WHAT YOU HAVE TO DO =>
The whole listing is to be restated word for word with no images.

DATA EXCERPT =>
•••
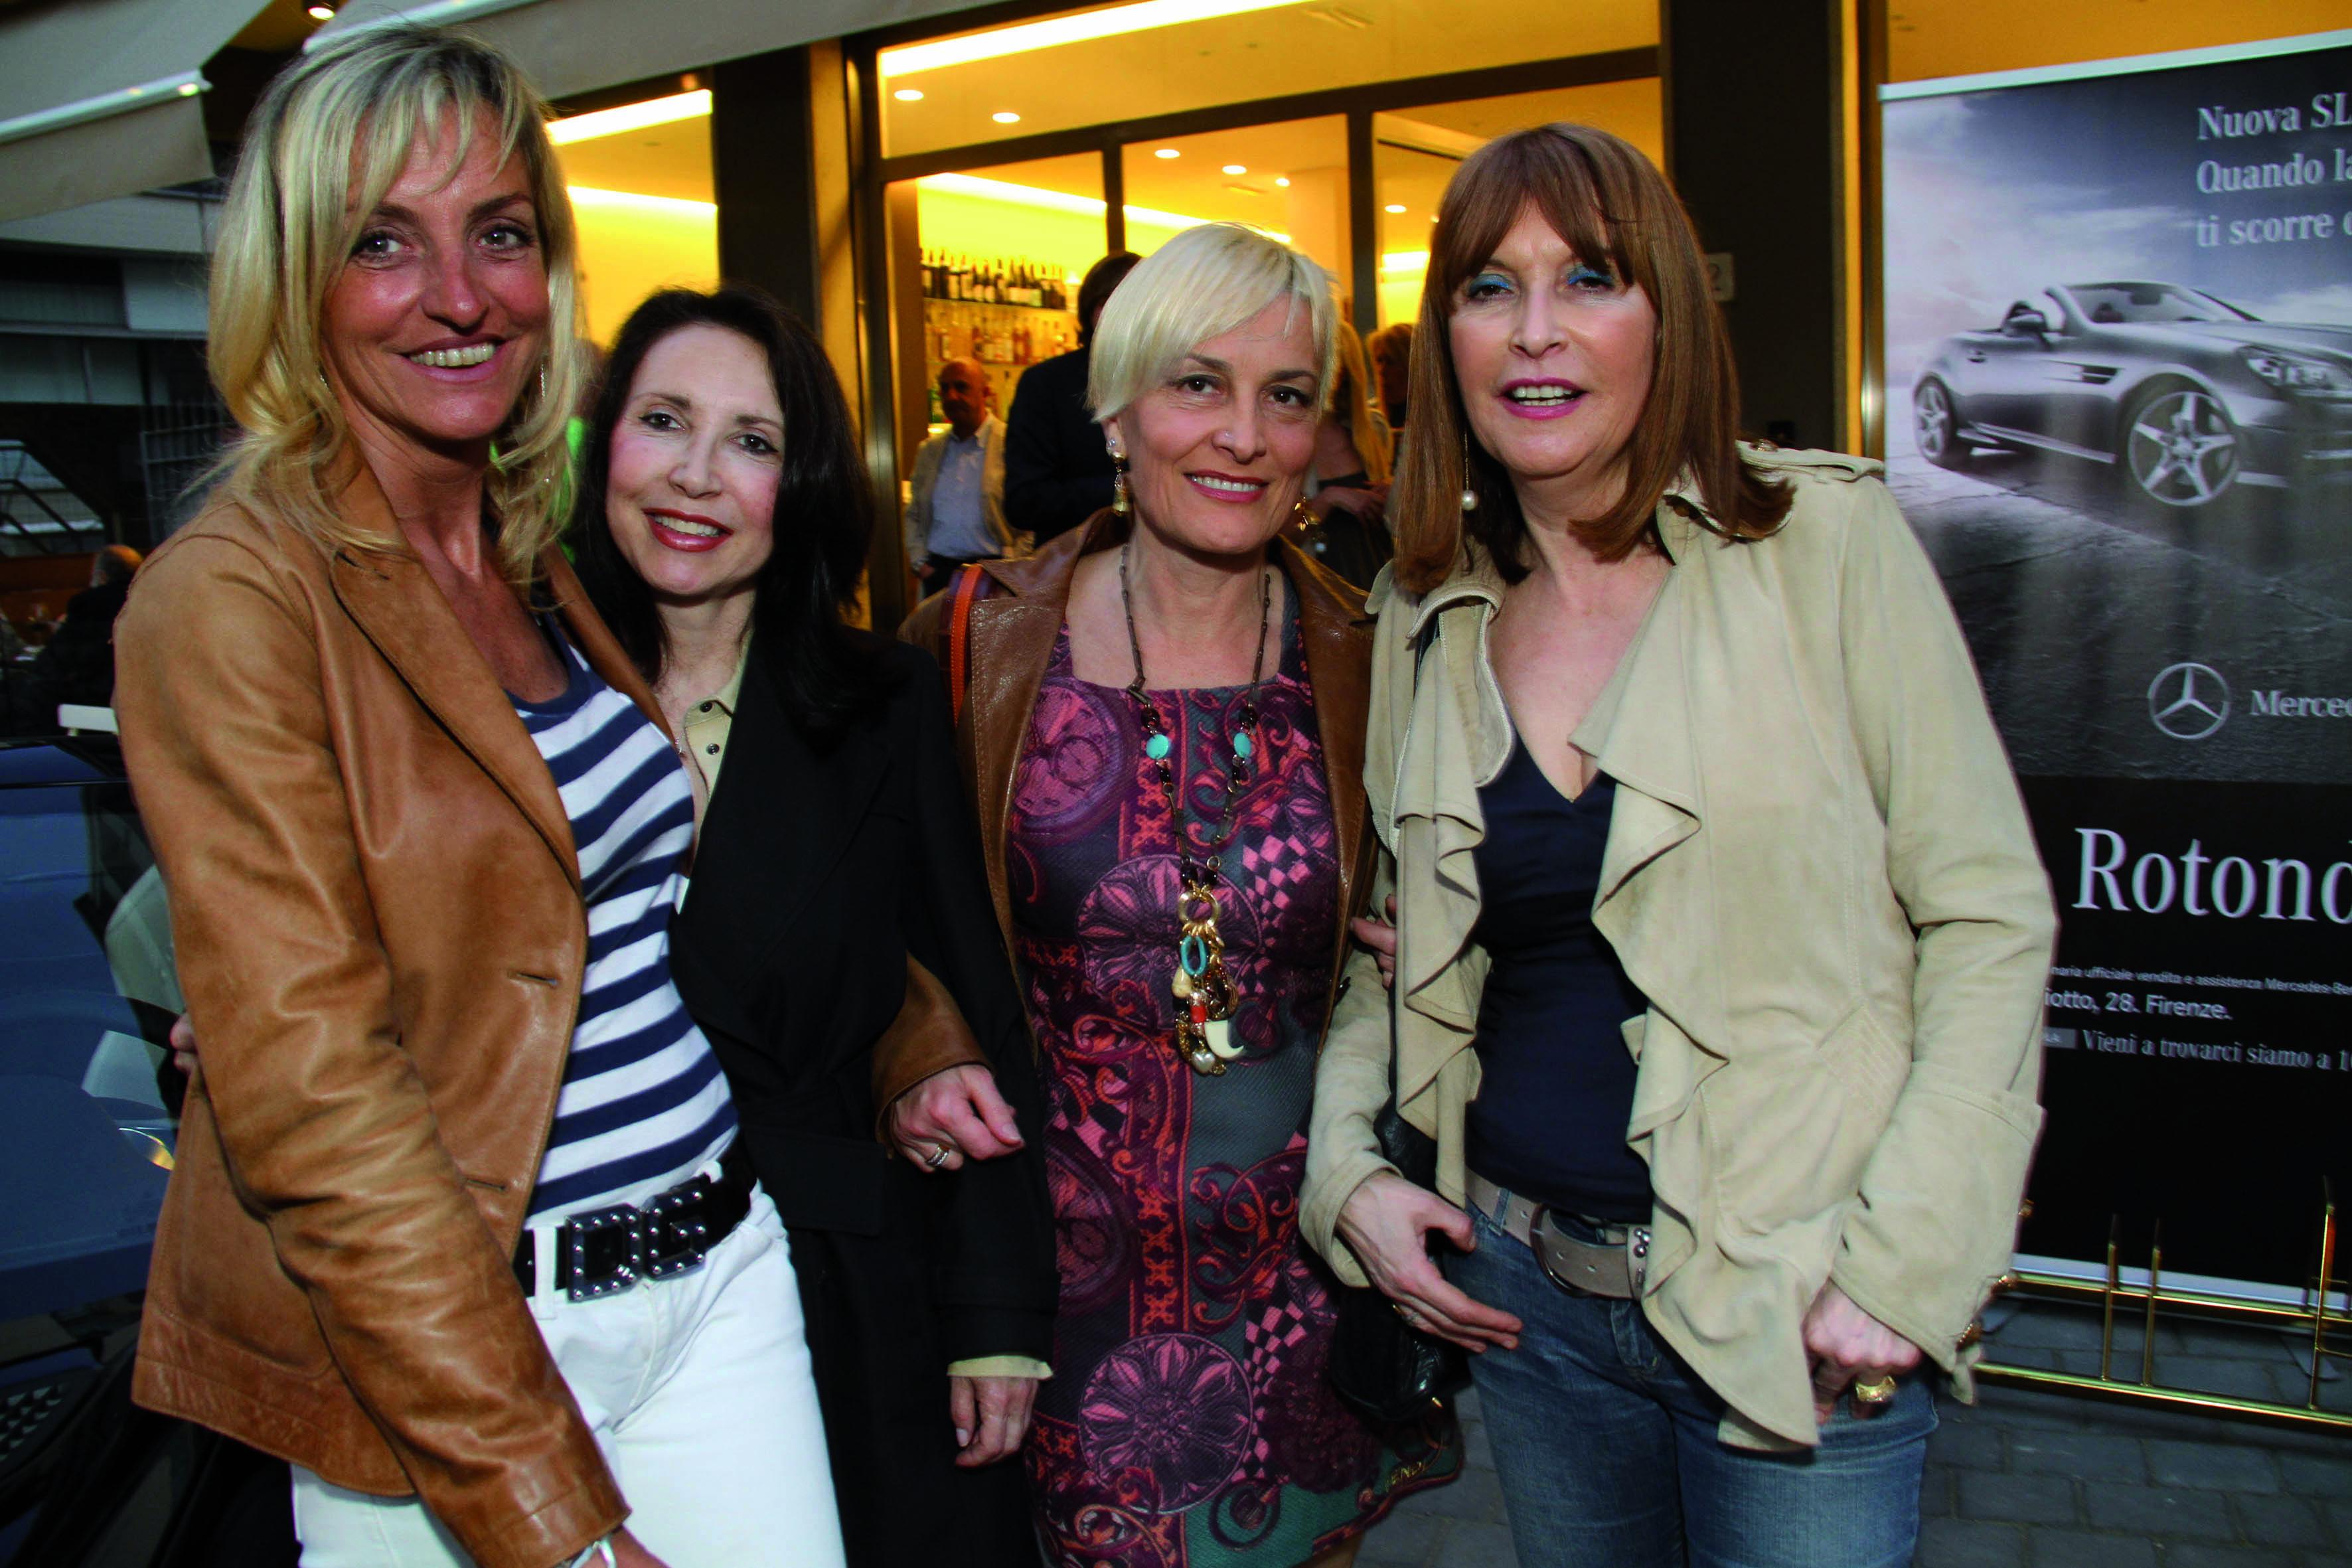 pressphoto,Firenze- Serata Mercedes allo Stad ,Firenze Magazine-nella foto :Barbara Vergelli, Simonetta d'Ettorre, Monica Berti, Stefania Boni
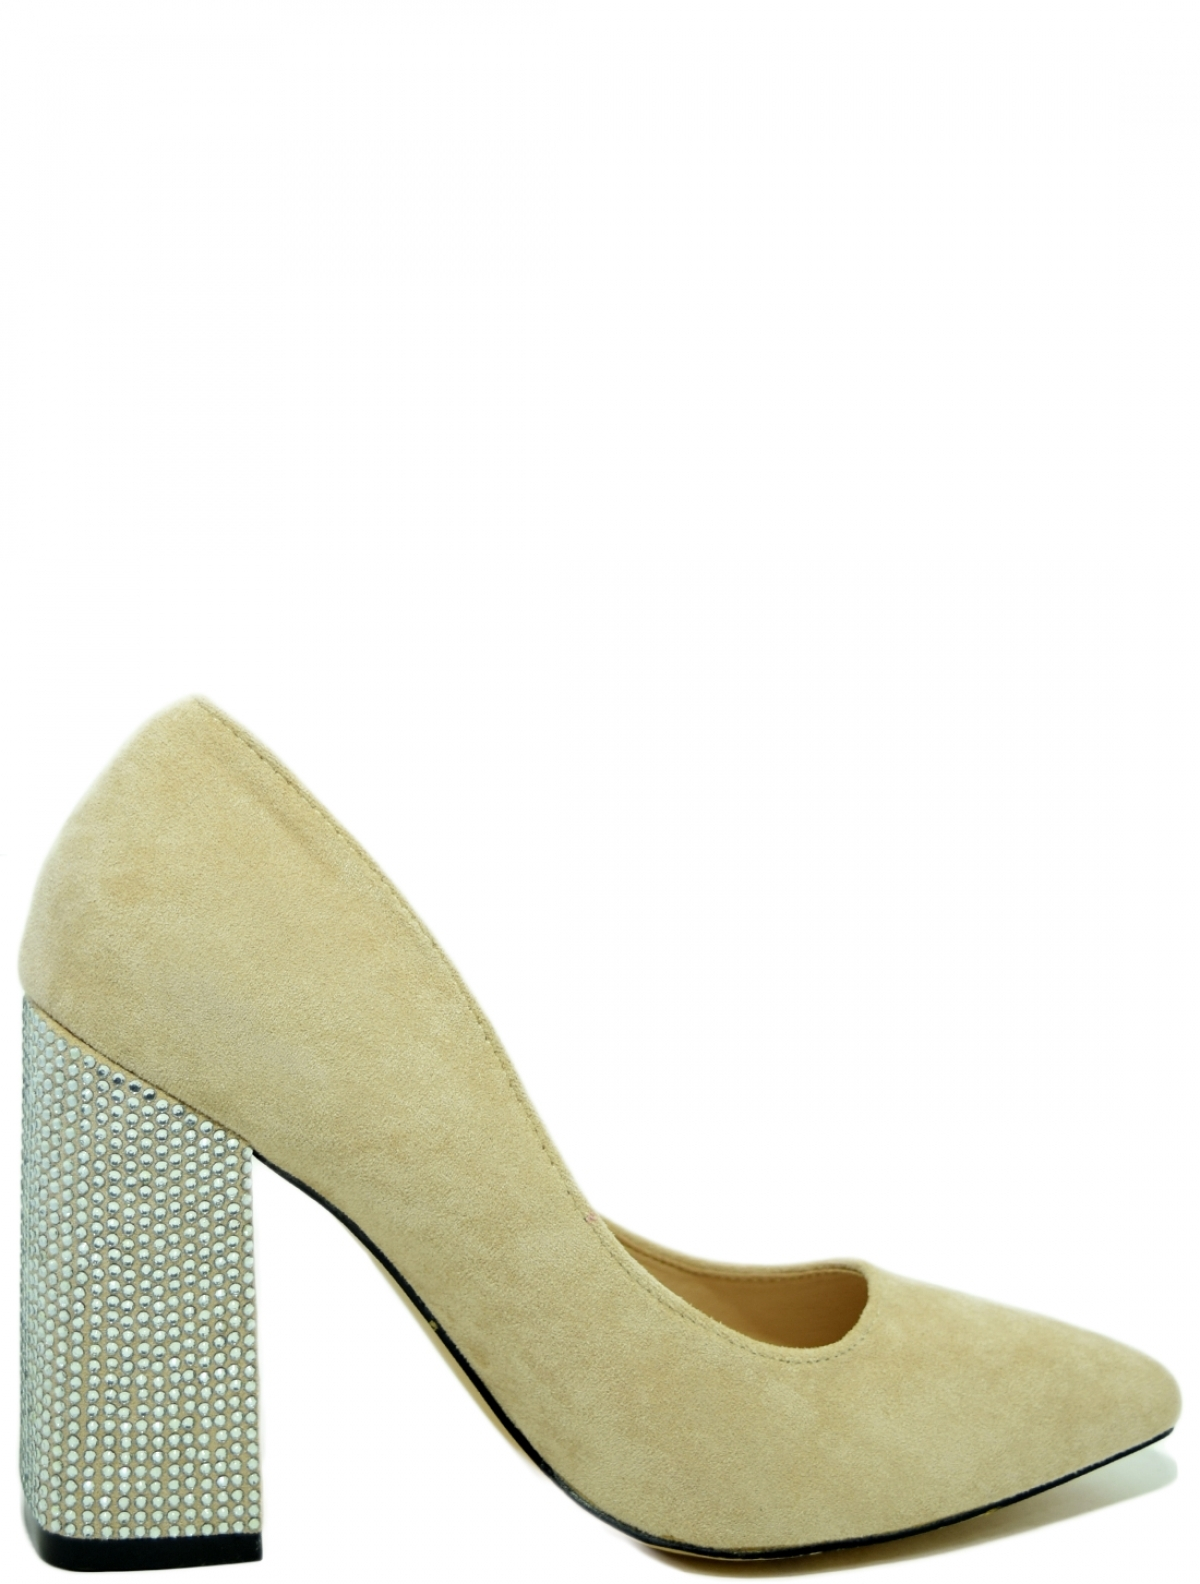 Admlis M557-13 женские туфли
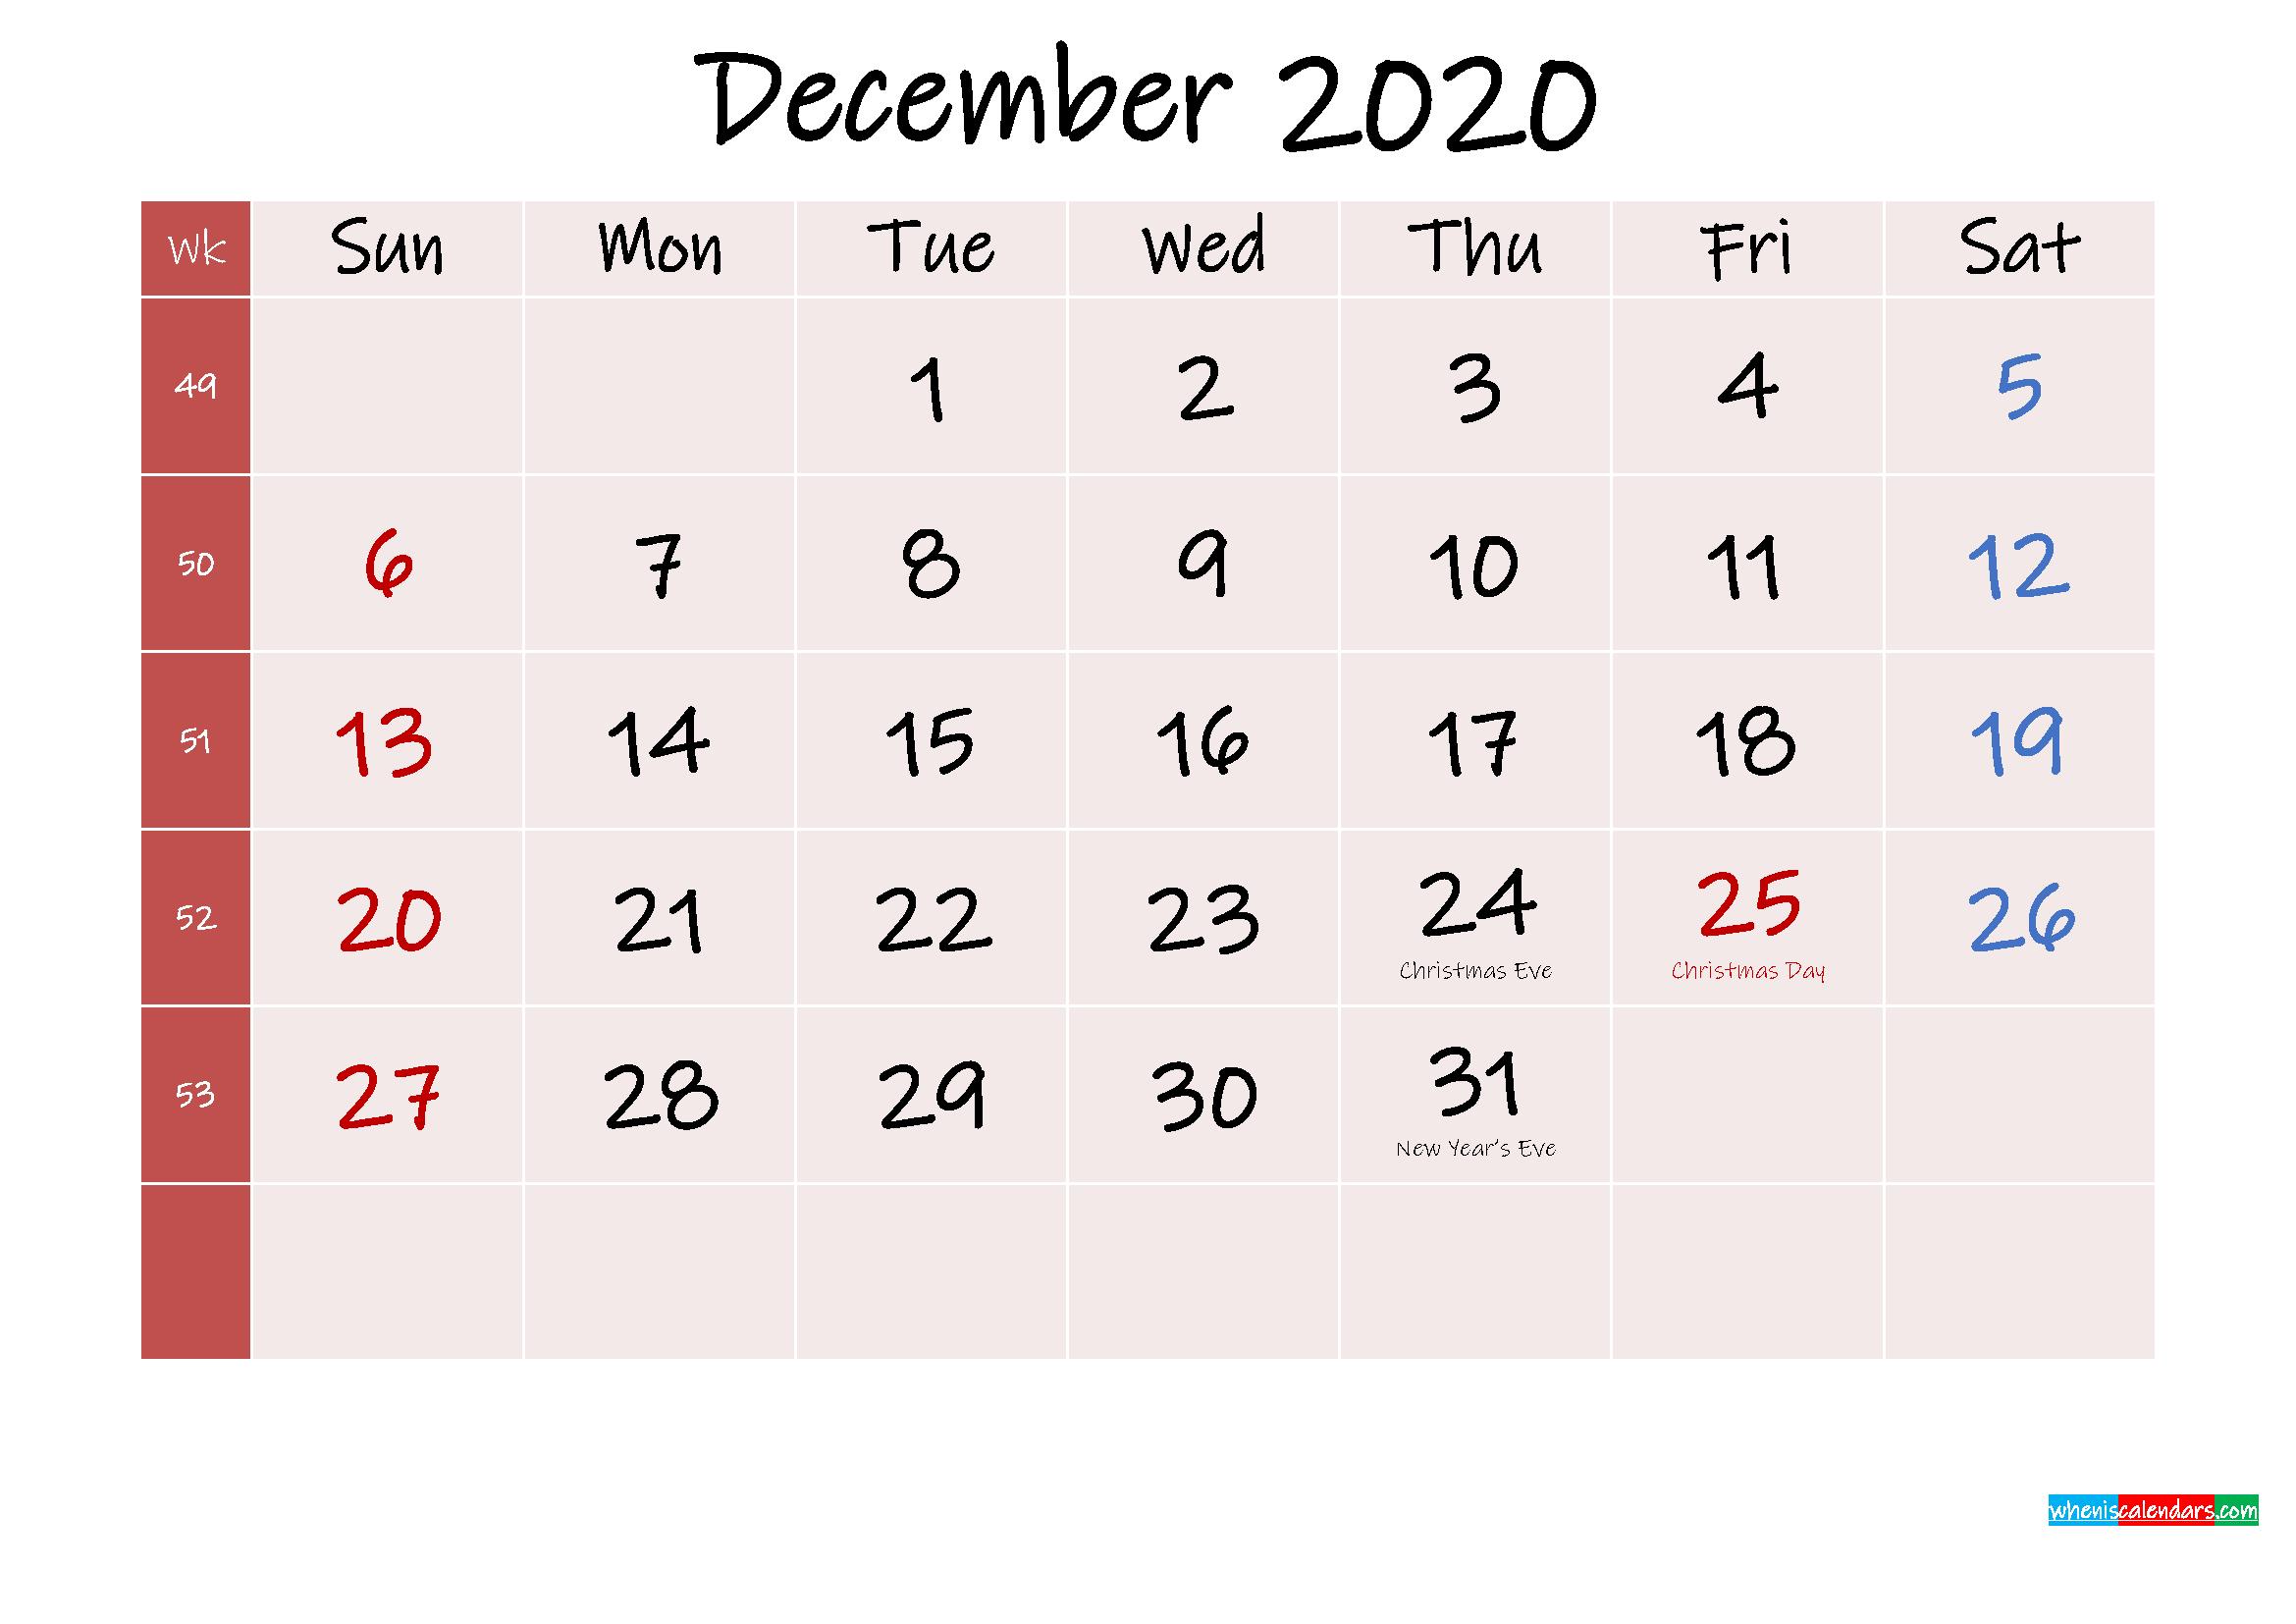 Free Printable December 2020 Calendar with Holidays
•••
EXPECTED ANSWER =>
 pressphoto,Firenze- Serata Mercedes allo Stad ,Firenze Magazine-nella foto :Barbara Vergelli, Simonetta d'Ettorre, Monica Berti, Stefania Boni
 Admlis M557-13 женские туфли
 Free Printable December 2020 Calendar with Holidays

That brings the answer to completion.